In 2011, only 57 percent of businesses with 50 or fewer workers offered employee health benefits, compared with 97 percent of businesses with a least 101 workers, according to the Henry J. Kaiser Family Foundation.

In 2011, 57 percent of businesses with 50 or fewer workers provided employees with health coverage, compared with 97 percent of firms with at least 101 workers. Henry J. Kaiser Family Foundation

For small businesses, that statistic isn't merely academic. Under the ACA, some smaller firms will have to pay a financial penalty if they don't offer affordable coverage. Beginning in 2014, businesses with 51 or more full-time employees will be fined $2,000 per worker, excluding the first 30 employees, if they fail to offer benefits to staffers who average at least 30 hours per week. (There is no penalty for not providing coverage to part-time employees.)

While small business owners like Prince vouch for the ACA's benefits, others are just as vigorous in opposing the law. On its website, the NFIB cites one businessman who says he has chosen to forgo health insurance because of its high costs. "I pay my health care bills in full and do not want the government to force me to buy health insurance that I don't need nor is warranted," he is quoted as saying. "I did not open a business so the government can come and empty my pockets because they deem a certain industry to be in crisis."

Not surprisingly, small businesses' conflicting views on the ACA reflect the wide range of public opinion regarding the law.

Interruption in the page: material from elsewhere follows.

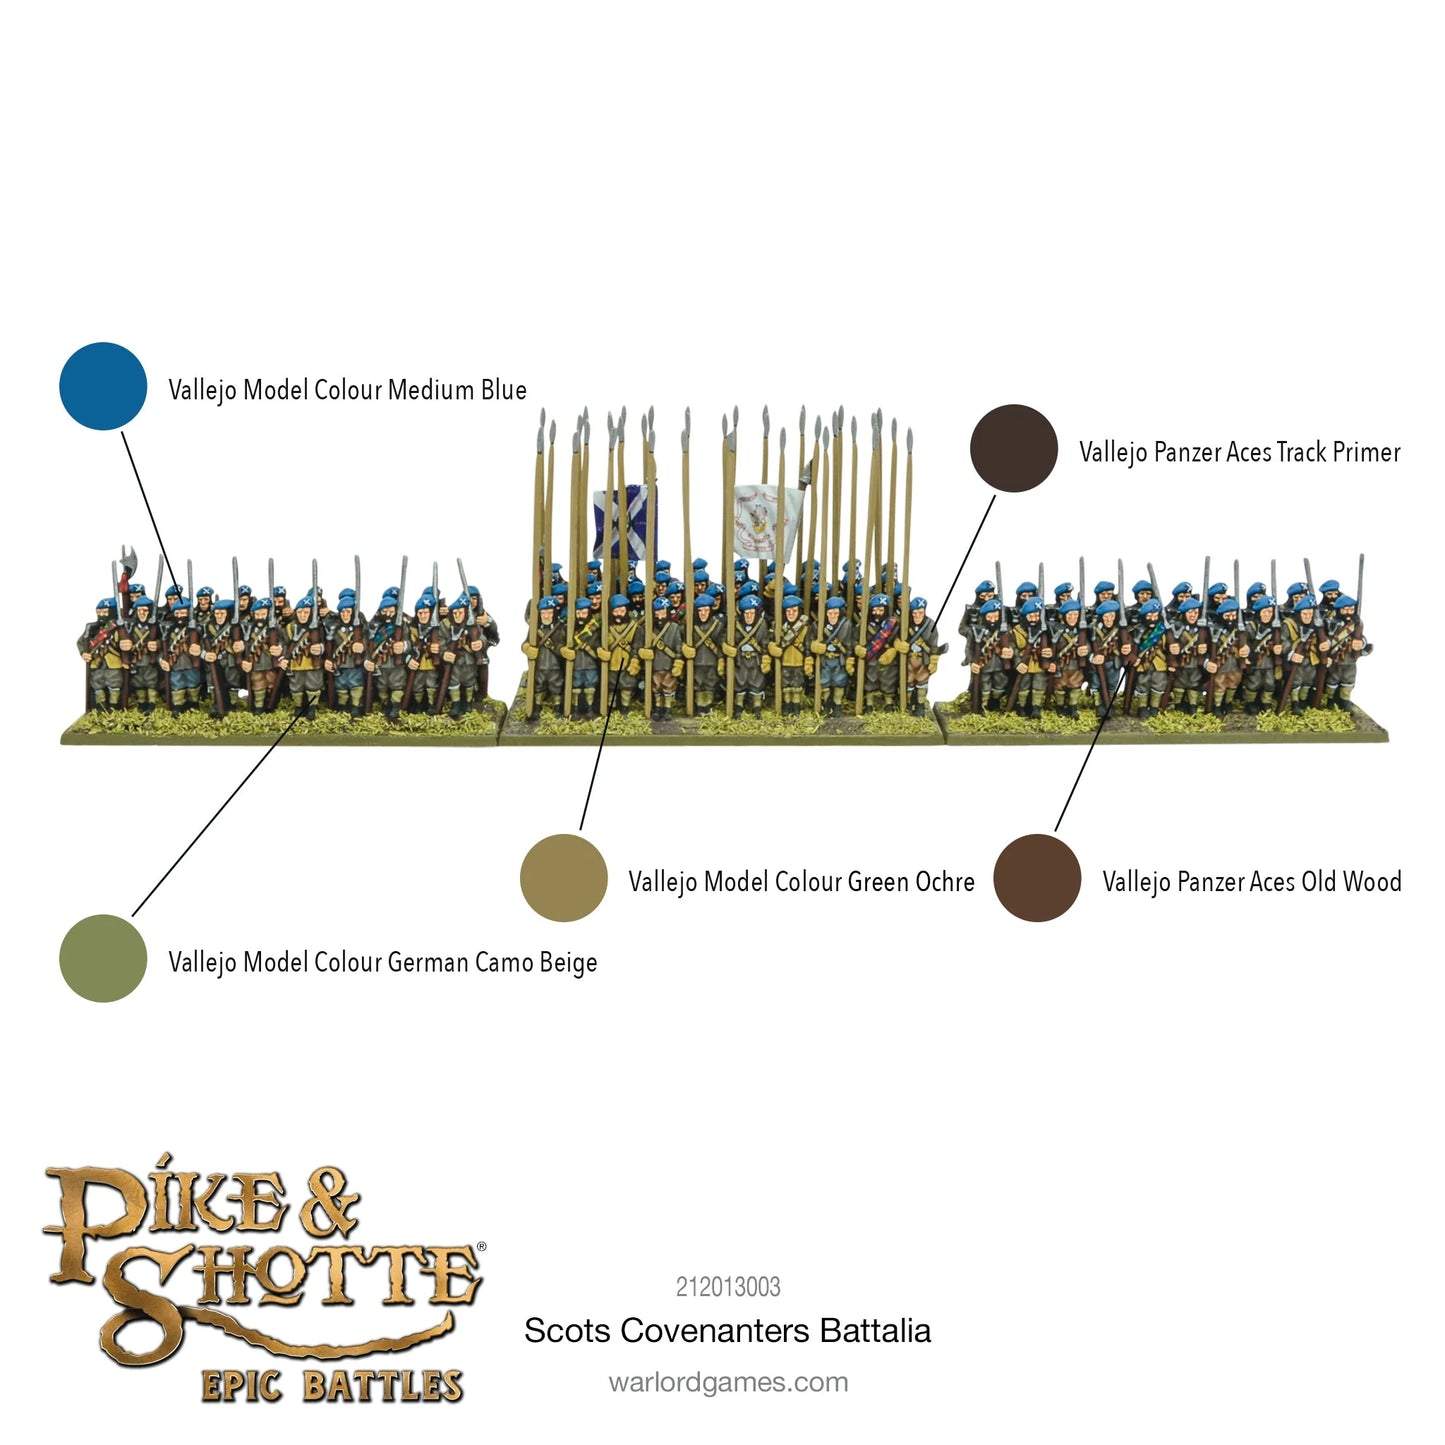 Pike & Shotte Epic Battles - Scots Covenanters Battalia

Indeed, some polls suggest that while many Americans oppose the act, most support the law's individual provisions, particularly the restriction on insurers denying coverage to people with pre-existing medical conditions.

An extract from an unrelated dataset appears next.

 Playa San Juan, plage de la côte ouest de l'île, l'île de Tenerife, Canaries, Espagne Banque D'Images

Such apparent contradictions may say less about the ACA itself than about how the issue of health care reform itself has become politicized, with many people seeing the law as a symbol of their broader concerns over the role of government and the state of the U.S. economy. For example, a March poll by the Kaiser Foundation found that the largest share of people who oppose the ACA -- some 40 percent -- did so based on their "general feelings about the direction of the country and what's going on in Washington" at present. By comparison, fewer than 3 in 10 opponents said their hostility toward the law was based on their knowledge of what the ACA actually does.

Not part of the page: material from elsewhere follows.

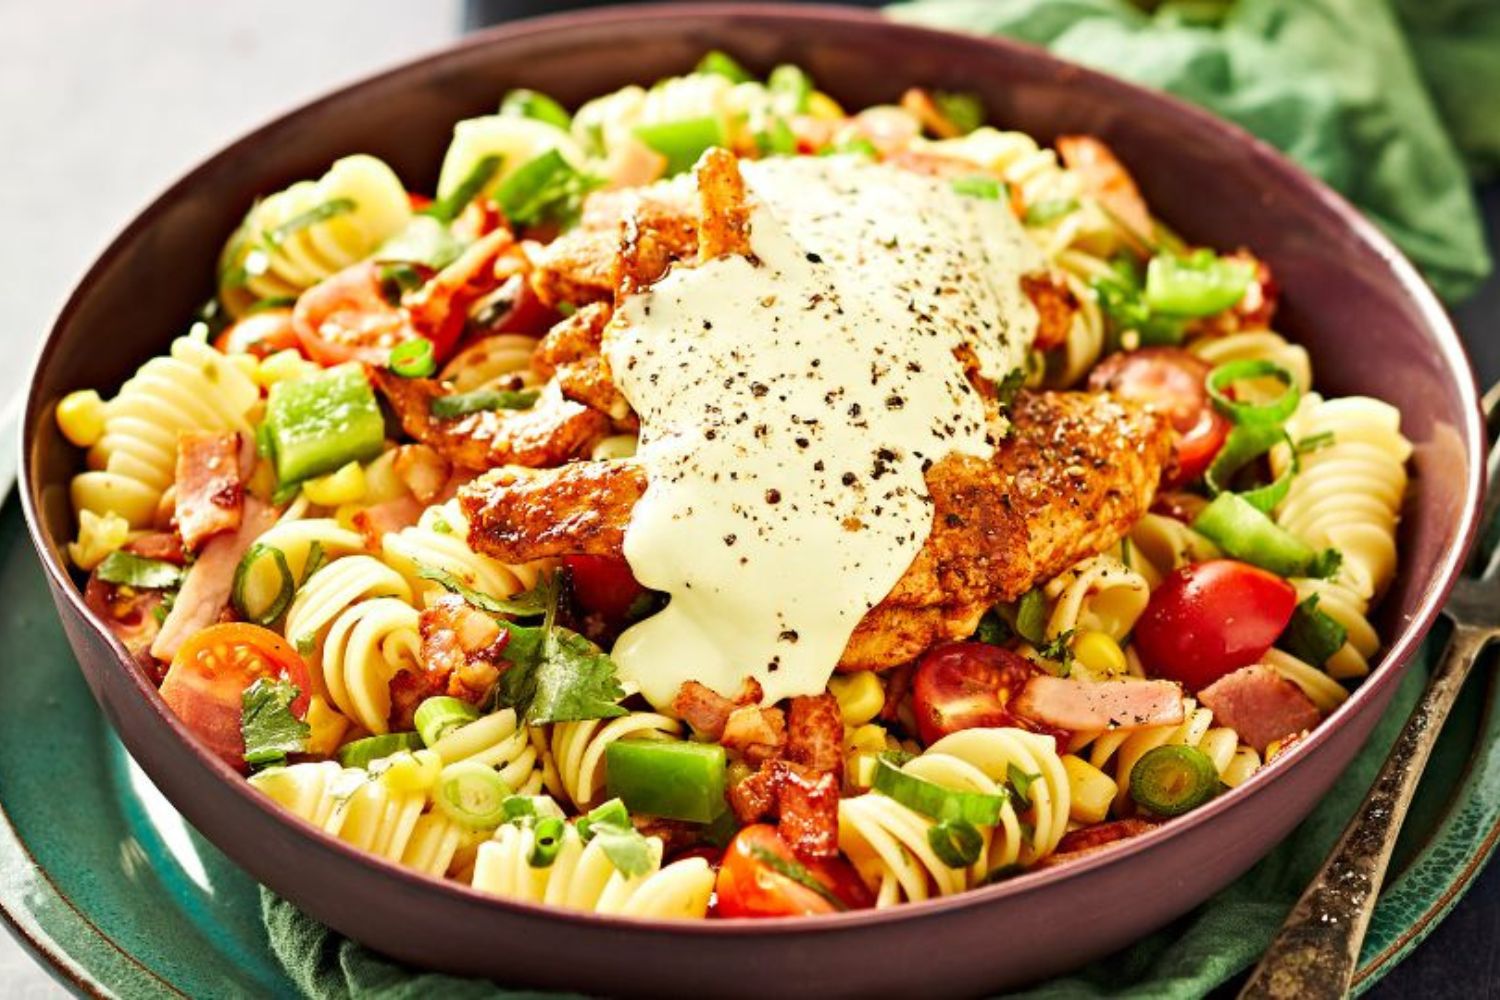 chicken-pasta-salad-with-avocado-ranch-dressing-recipe
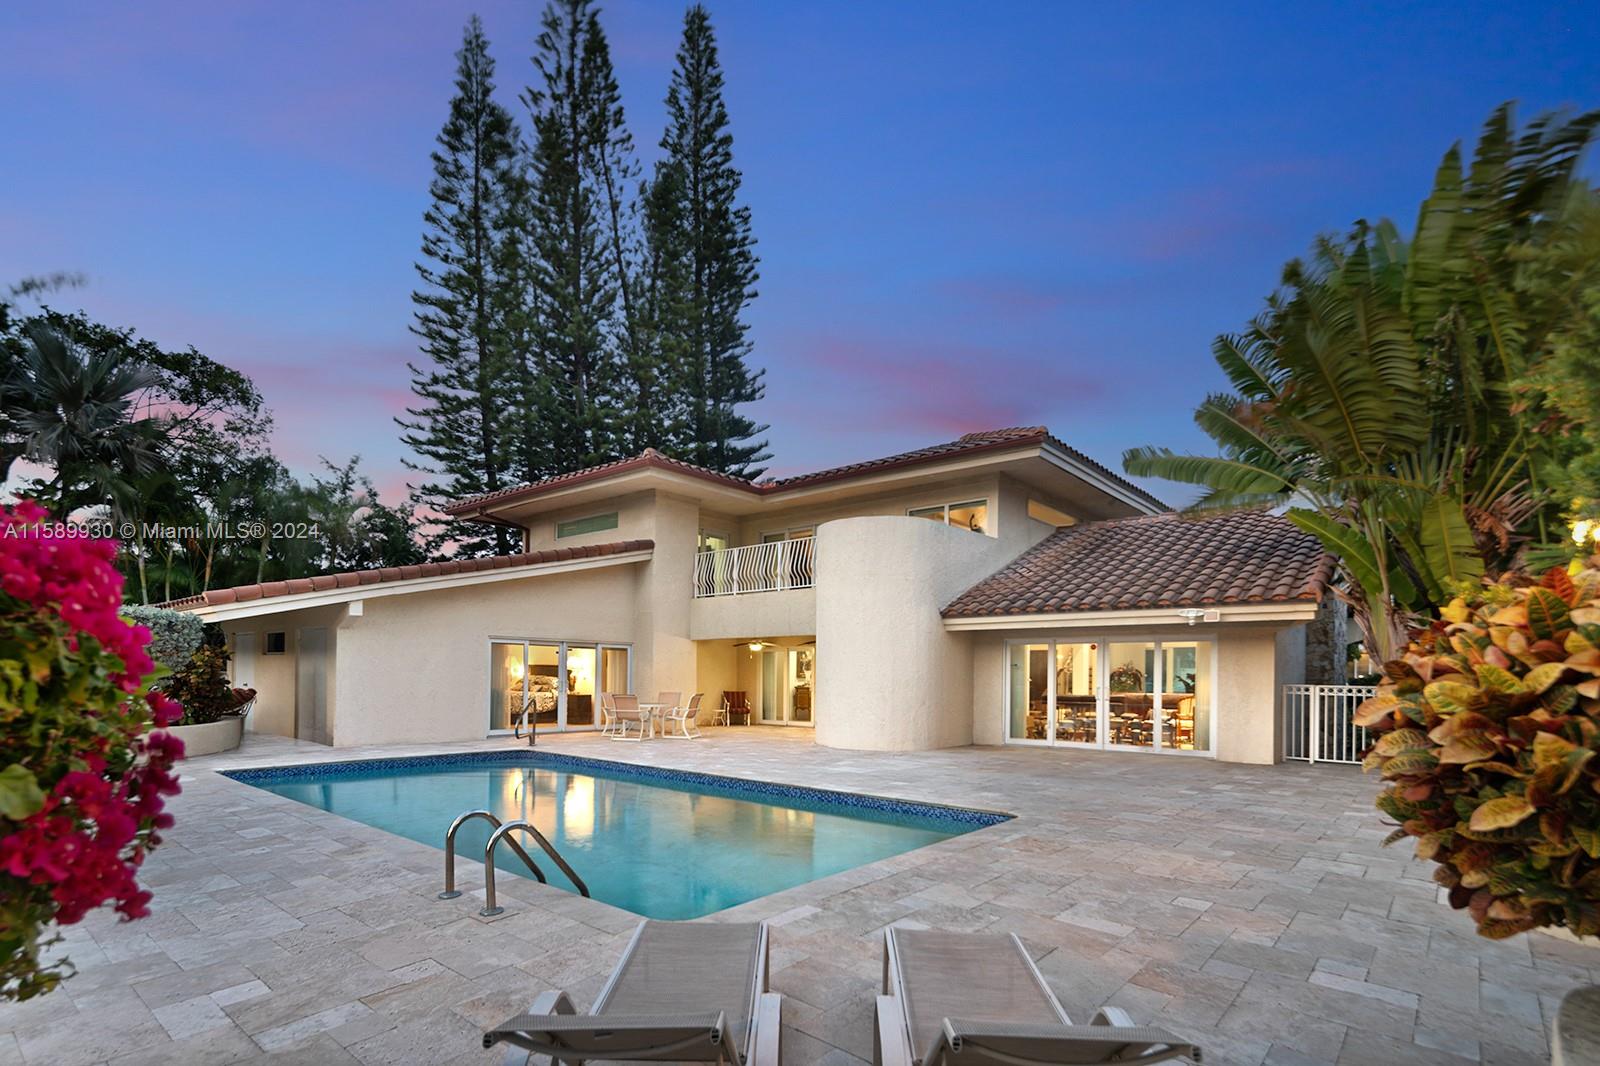 Property for Sale at 530 Ocean Blvd, Golden Beach, Miami-Dade County, Florida - Bedrooms: 4 
Bathrooms: 5  - $4,195,000

Americans are united in one way -- they're unhappy with the U.S. health care system. Even if the Supreme Court were to strike down the ACA, some 60 percent of respondents to Kaiser's poll said they want lawmakers to develop new health care proposals. Even among Republicans, who are more likely to dislike the law, and others with an unfavorable view of the overhaul, roughly half think Congress should go back to the drawing board if the high court rules against the ACA.

Prince is less equivocal. For him, the success of the law is plain. He says, "If you lay out the arguments for small business owners [for the ACA], it doesn't become ideological -- it becomes logical."